When it opened in June last year, it set out to be a nightclub that would play dance and homegrown music.
It soon gained a loyal following, but now it has closed after failing to secure a Category 1 public entertainment licence, which allows for music performances and dancing.
It had a Category 2 licence, which only allows the playing of recorded music without dancing.
The owners of Broadcast HQ said on its website that they were not aware it was going beyond the limits of its Category 2 licence until police officers visited the club months ago and told them about it.
They then stopped the DJ nights and applied to the police for a Category 1 licence.

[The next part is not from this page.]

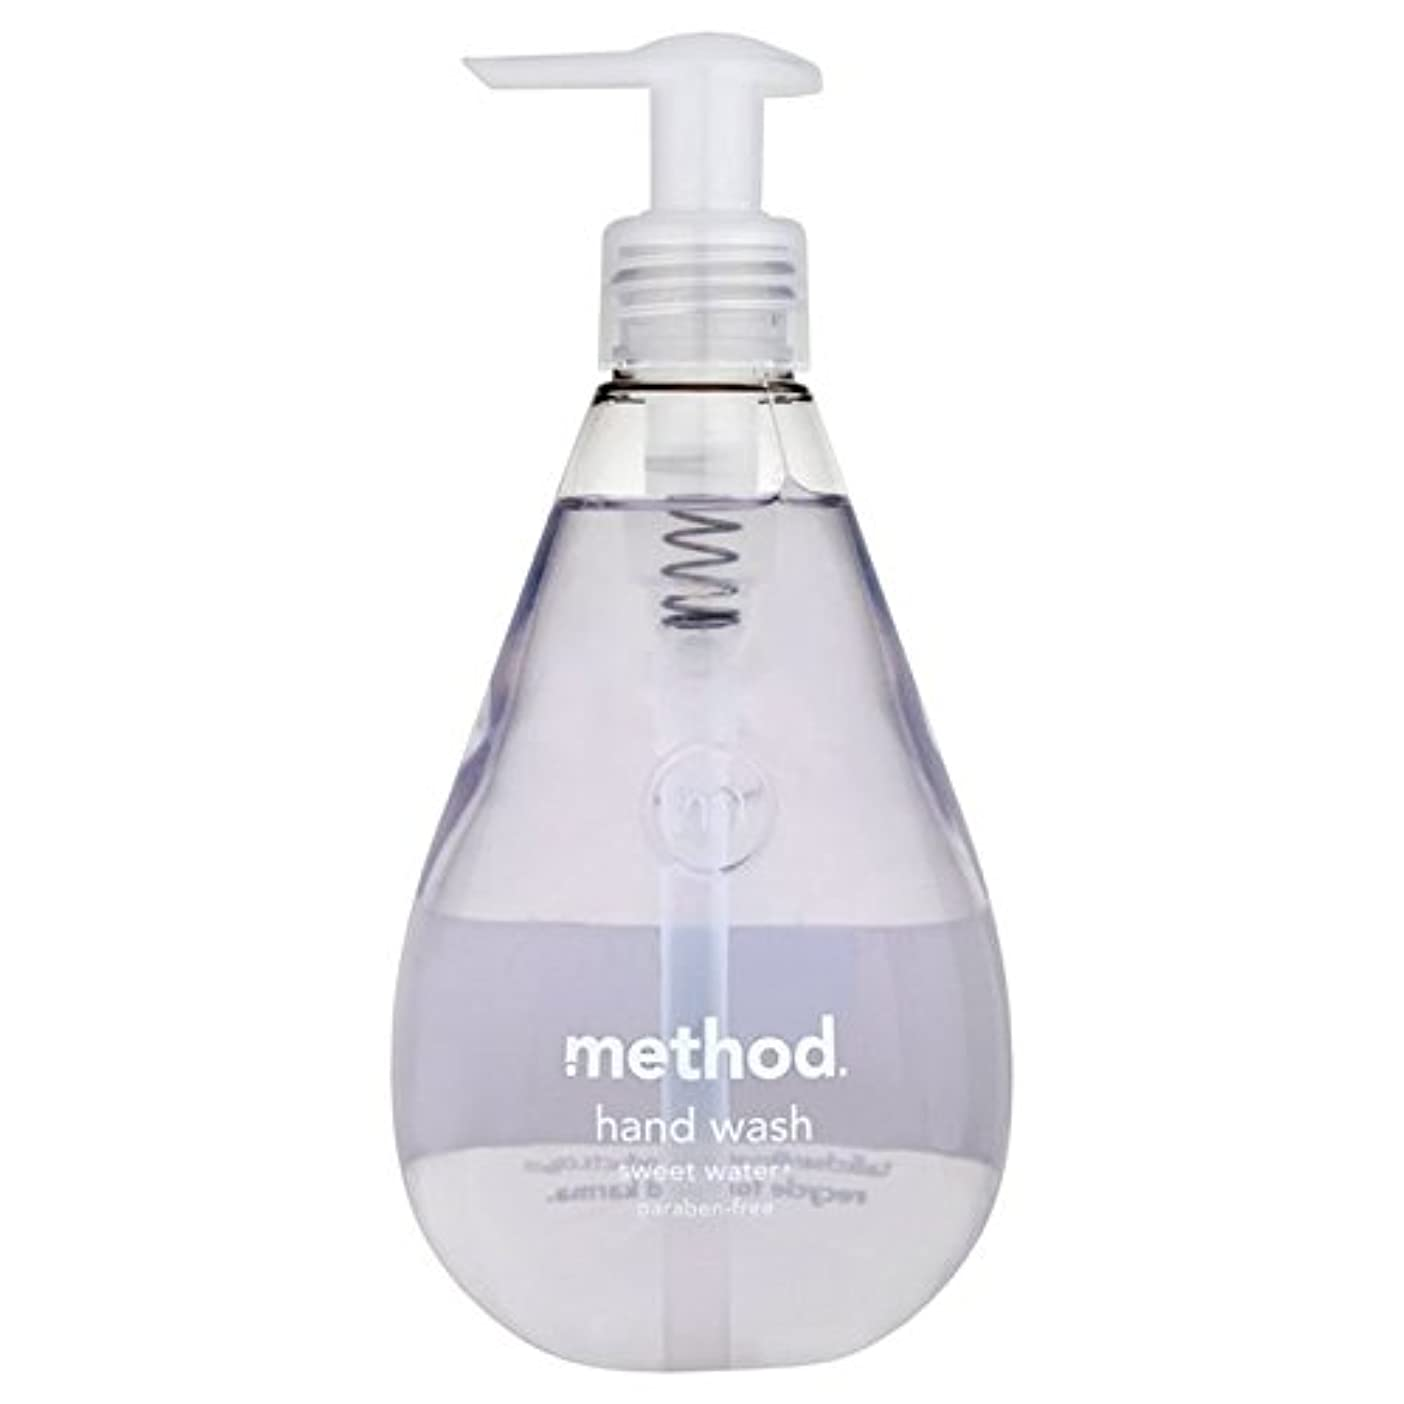 航空機明確にリズミカルなメソッドの甘い水の354ミリリットル x4 - Method Sweet Water Handsoap 354ml (Pack of 4) [並行輸入品]

But the police told Broadcast HQ they would not consider any new Category 1 applications because of "complaints about existing public entertainment outlets in the area".

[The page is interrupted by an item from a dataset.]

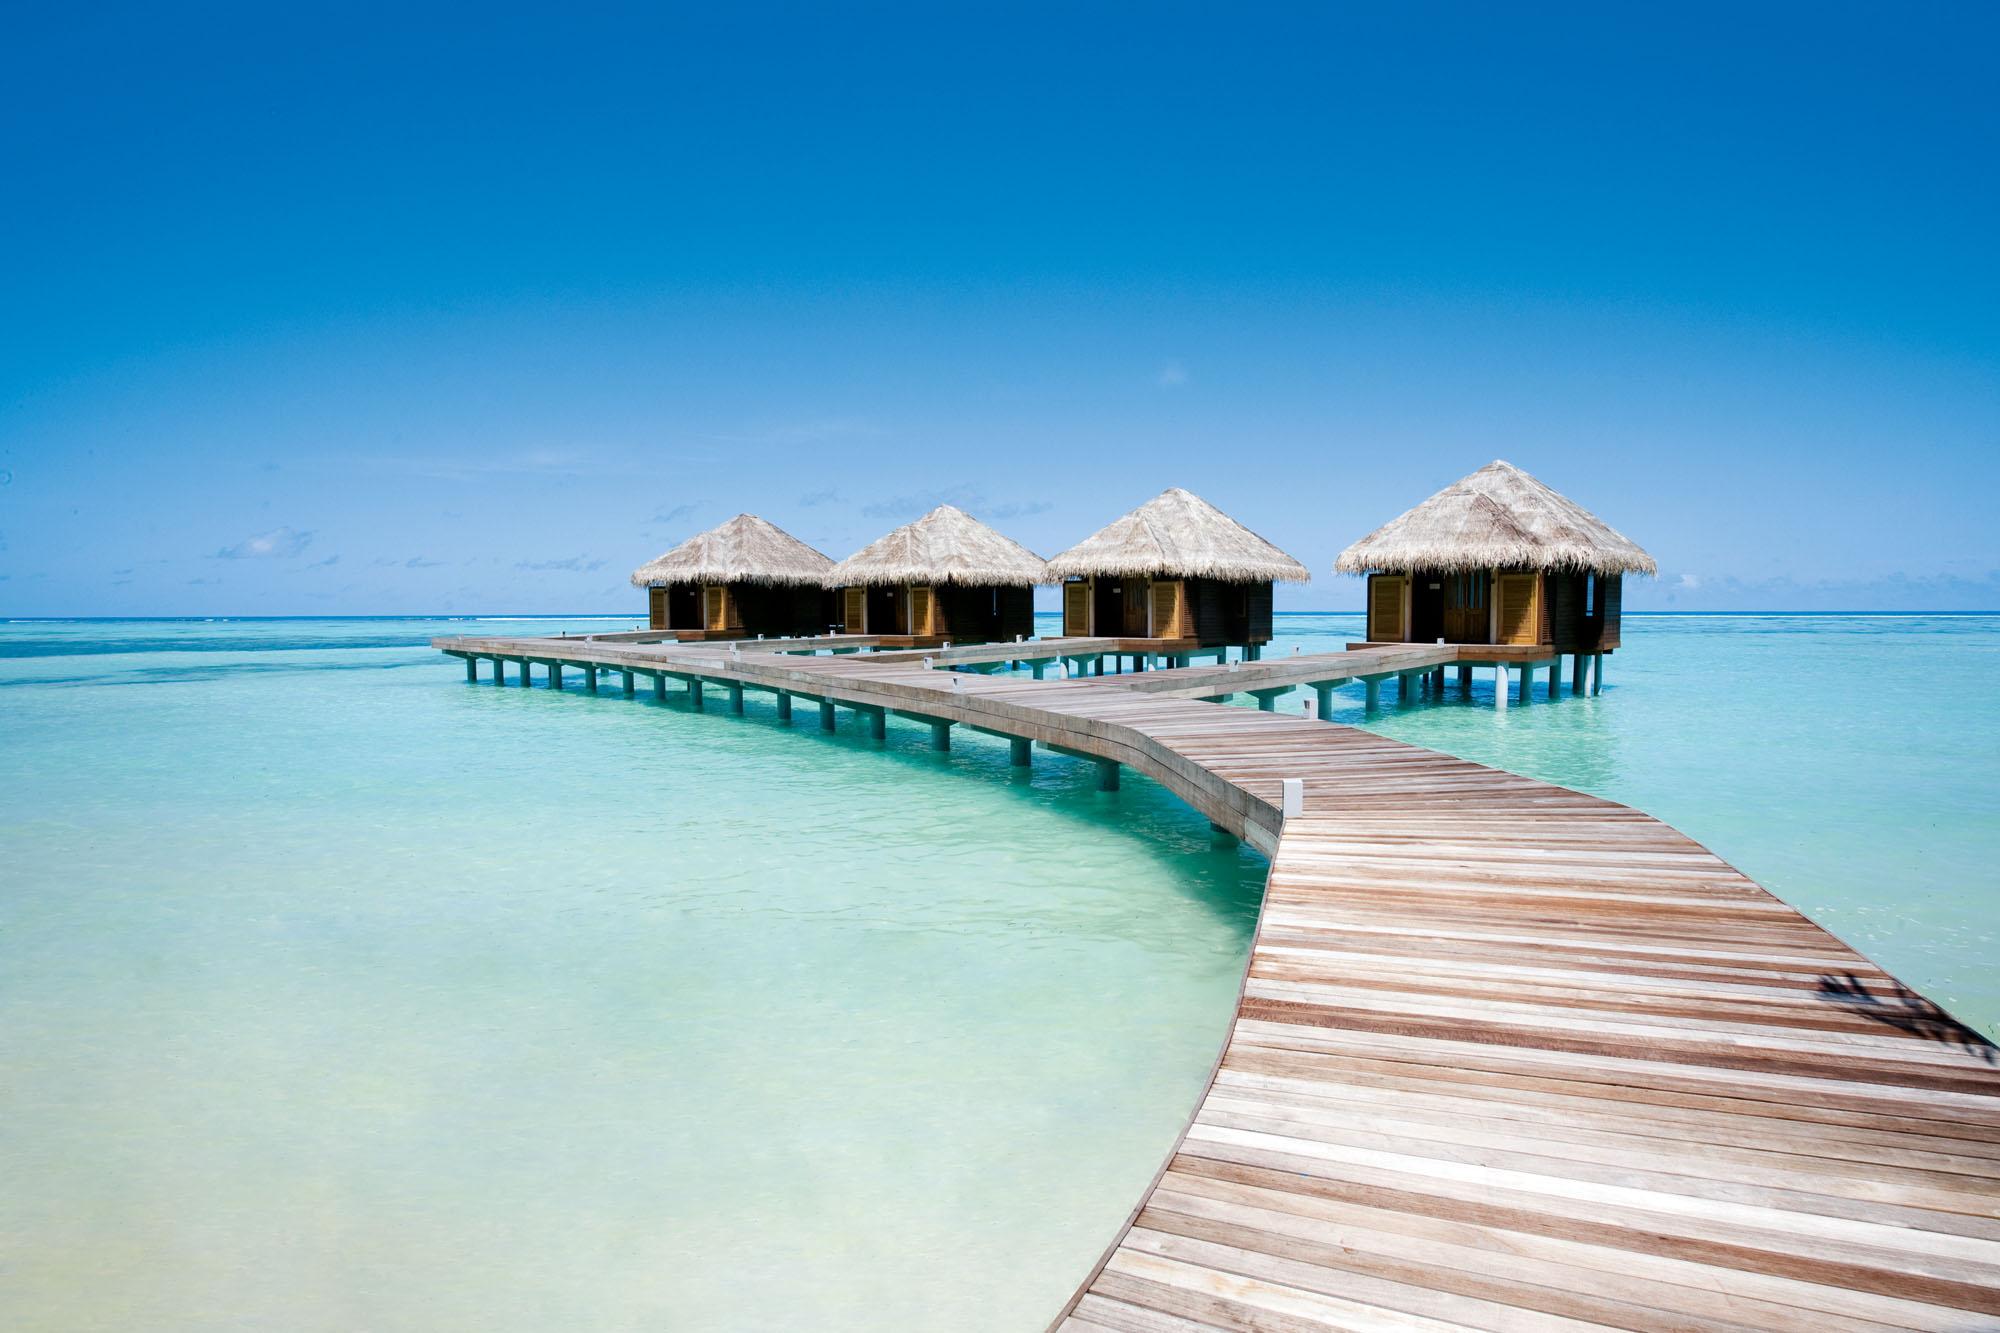 Documenti necessari per le Maldive

A police spokesman told The New Paper that Broadcast HQ's application was turned down due to "law-and-order and disamenities concerns".
The Broadcast HQ website said the club will be relocating to the Australian city of Perth after failed attempts to find a new location here.
This saga is disappointing on a few fronts.
First of all, the Broadcast HQ owners should have done their homework on the type of licence they needed.
Also disappointing is how an outlet like Broadcast HQ has to close over what seems to be a technicality.
Next to Broadcast HQ, which occupies four shophouses over two storeys on Rowell Road, is a KTV lounge which has a Category 1 licence.
What unique quality do KTV lounges, which are a dime a dozen, offer in raising the hip quotient in Little India?
The police have clarified that existing outlets with Category 1 licences will be allowed to operate unless they violate the terms of their licences.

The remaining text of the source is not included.